Sunday, December 1, 2013

Shouldering Responsibility for Learning in the Dialogic Classroom

This past year I've learned how to ask questions again. Before being in a doctoral program, it was probably third grade the last time a teacher asked me to pose a research question and really cared about my search and the learning that resulted. The learning. Being in charge of your own learning is a powerful thing and not a responsibility to be taken lightly. Teaching our students how to shoulder this responsibility is not an easy task, either, so what have I learned from my own experiences that might help me in the classroom.

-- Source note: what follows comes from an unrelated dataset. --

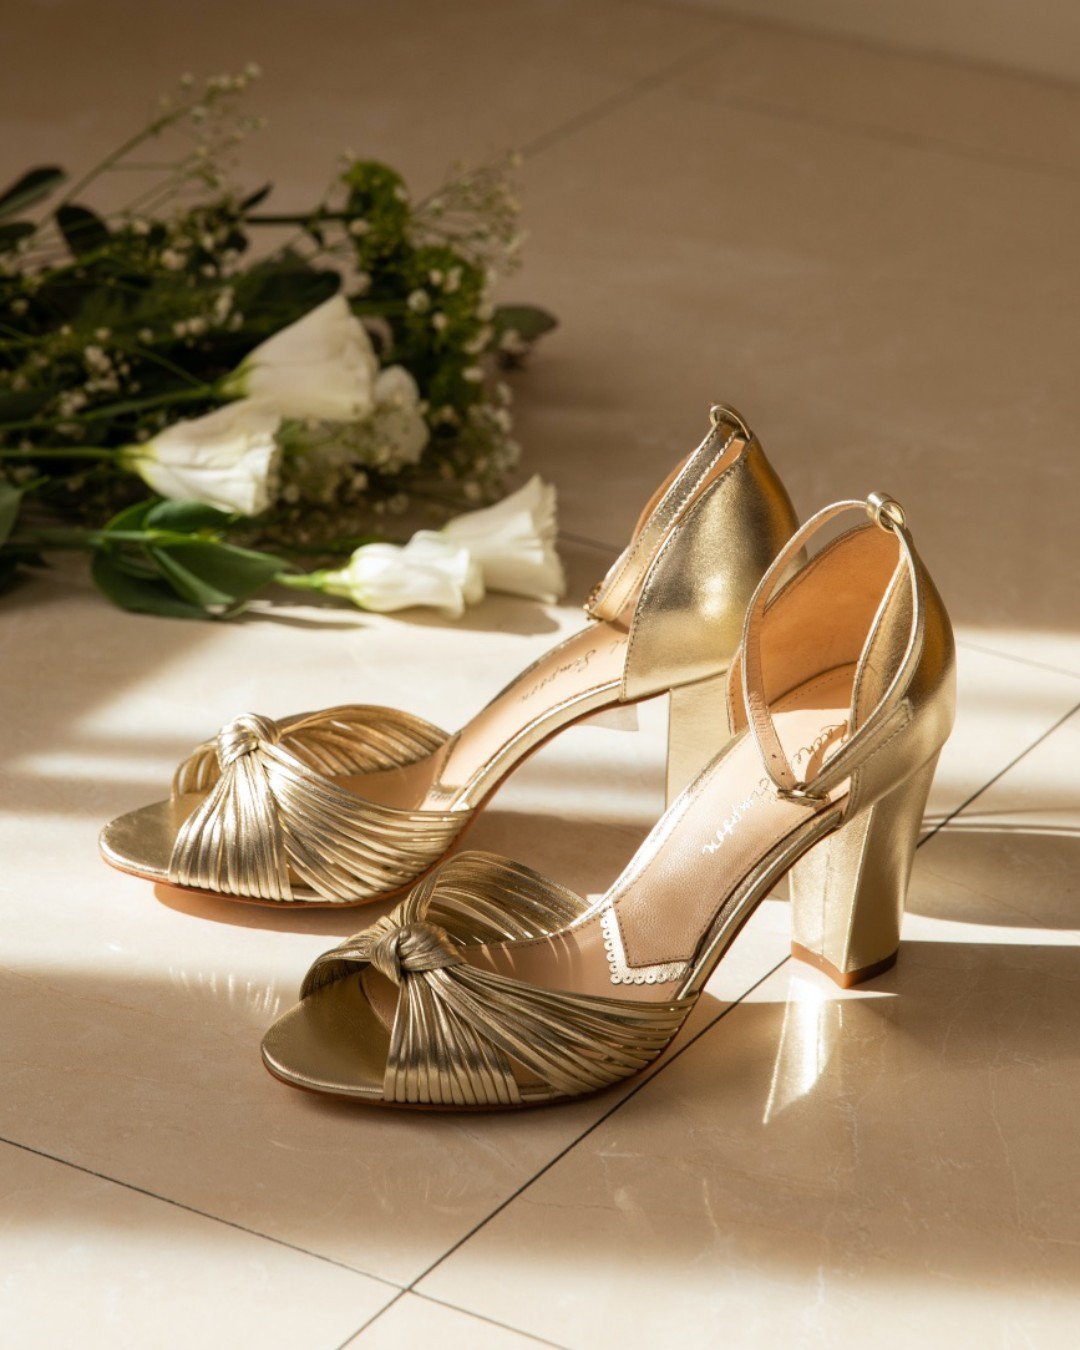 wedding shoes gold with low heels rachelsimpsonshoes
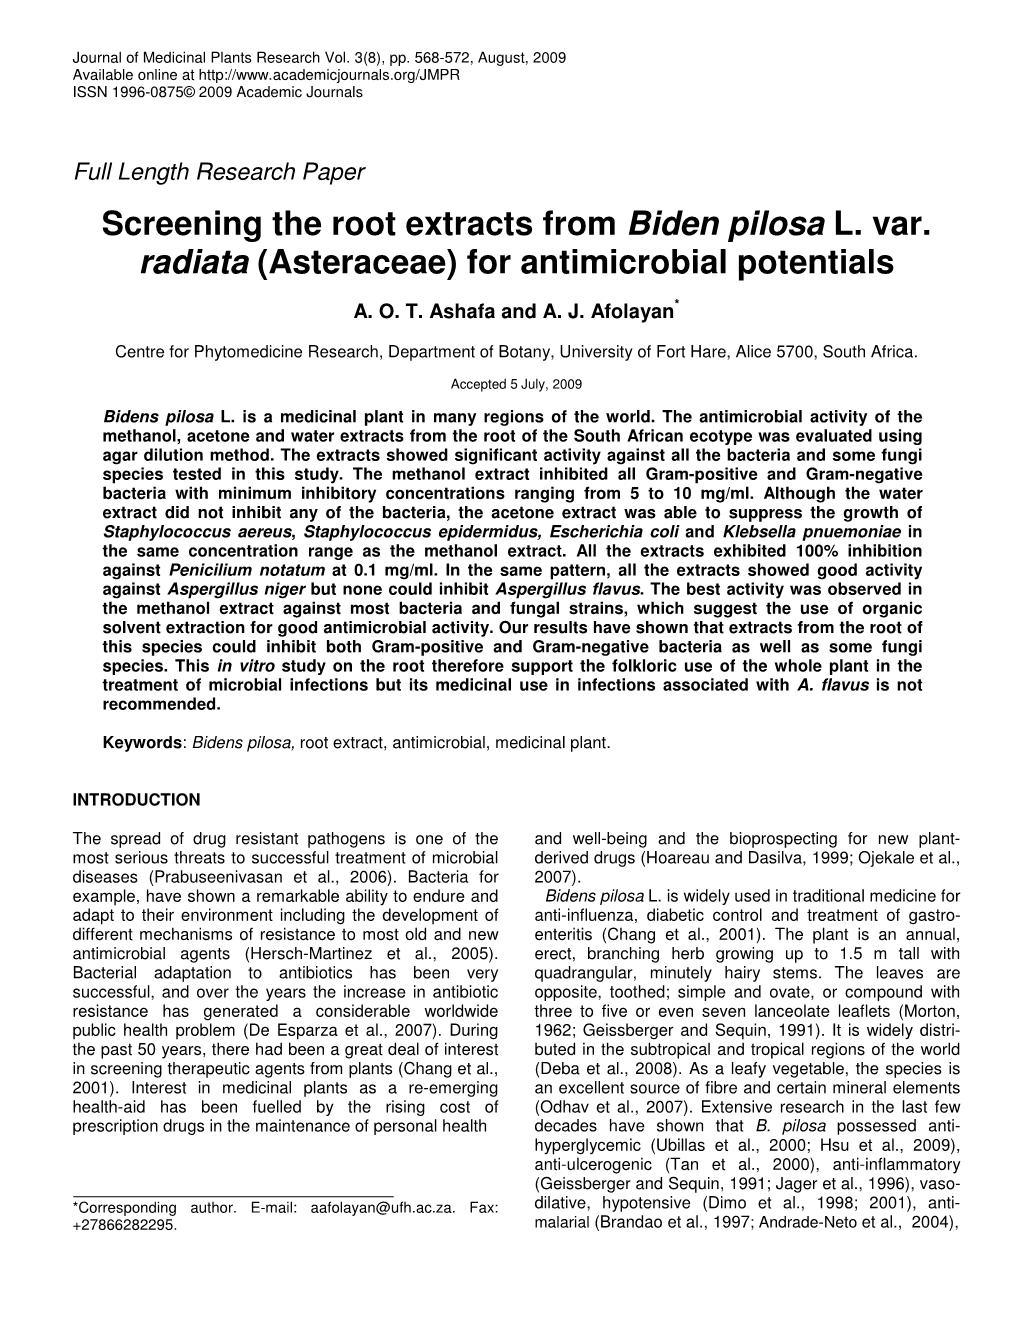 Screening the Root Extracts from Biden Pilosa L. Var

I don't follow easy paths to knowledge. I hit road blocks, take detours, pause and regroup, even travel very indirect routes to reach my destination. For example, I wanted to try data analysis software. There is nothing I like better than to tinker with technology and waste hours to discover more efficient means to work. Yet I couldn't grasp how to navigate any of the different software tools. Frustrated, I stopped trying. I wasn't sure it was worth my time to attempt again, but after several weeks and a brief stint watching tutorials, I finally did. This time, it clicked. Somehow the passage of time helped me traverse the barriers to my learning. I couldn't immediately grasp the concept of organizing interviews in a qualitative data software analysis program; it was difficult enough figuring out that I had usable data. But my professor gave me the time and space to figure it out myself while being supportive of my efforts.

It seems appropriate to continue the road metaphor by describing how wide that research road was (and in many ways still is). In fact, my initial research questions are more comparable to a super highway--the breadth of a topic nearly impossible to cross. And I feel like I'm moving so fast across subject areas that I miss the interesting turn offs on the side. Instead of telling me what was wrong with my research questions, my professors, mentors, and peers posed questions to me. They dug for clarity and conciseness. By letting me talk through the process, they helped me without telling me what to do or how it should be done. 

My friends and I didn't just ask the simple questions. Our professor pushed our thinking, and so we read and responded to text, but we also analyzed and critiqued the values they held for us as teachers, coaches, administrators, and researchers. Our theoretical discussions prompted us to question the political landscape of education. Our data analyses made us question ourselves and our abilities as researchers. Through our dialogic classroom we have begun to find the becoming of something. 

Will our students have these same opportunities for time and space in their learning? Will they have peers and teachers who push for greater understanding? Will we honor classrooms filled with questions and discussion? Can our young students meet such high expectations?

My experiences have shown me that I can shoulder the responsibility of learning--as long as I have the help and support of peers and teachers, and the courage to help them, as well. If I can feel empowered by such a journey, how much more might a child who hasn't yet stopped asking questions? A child who has a teacher interested in traveling that road, too?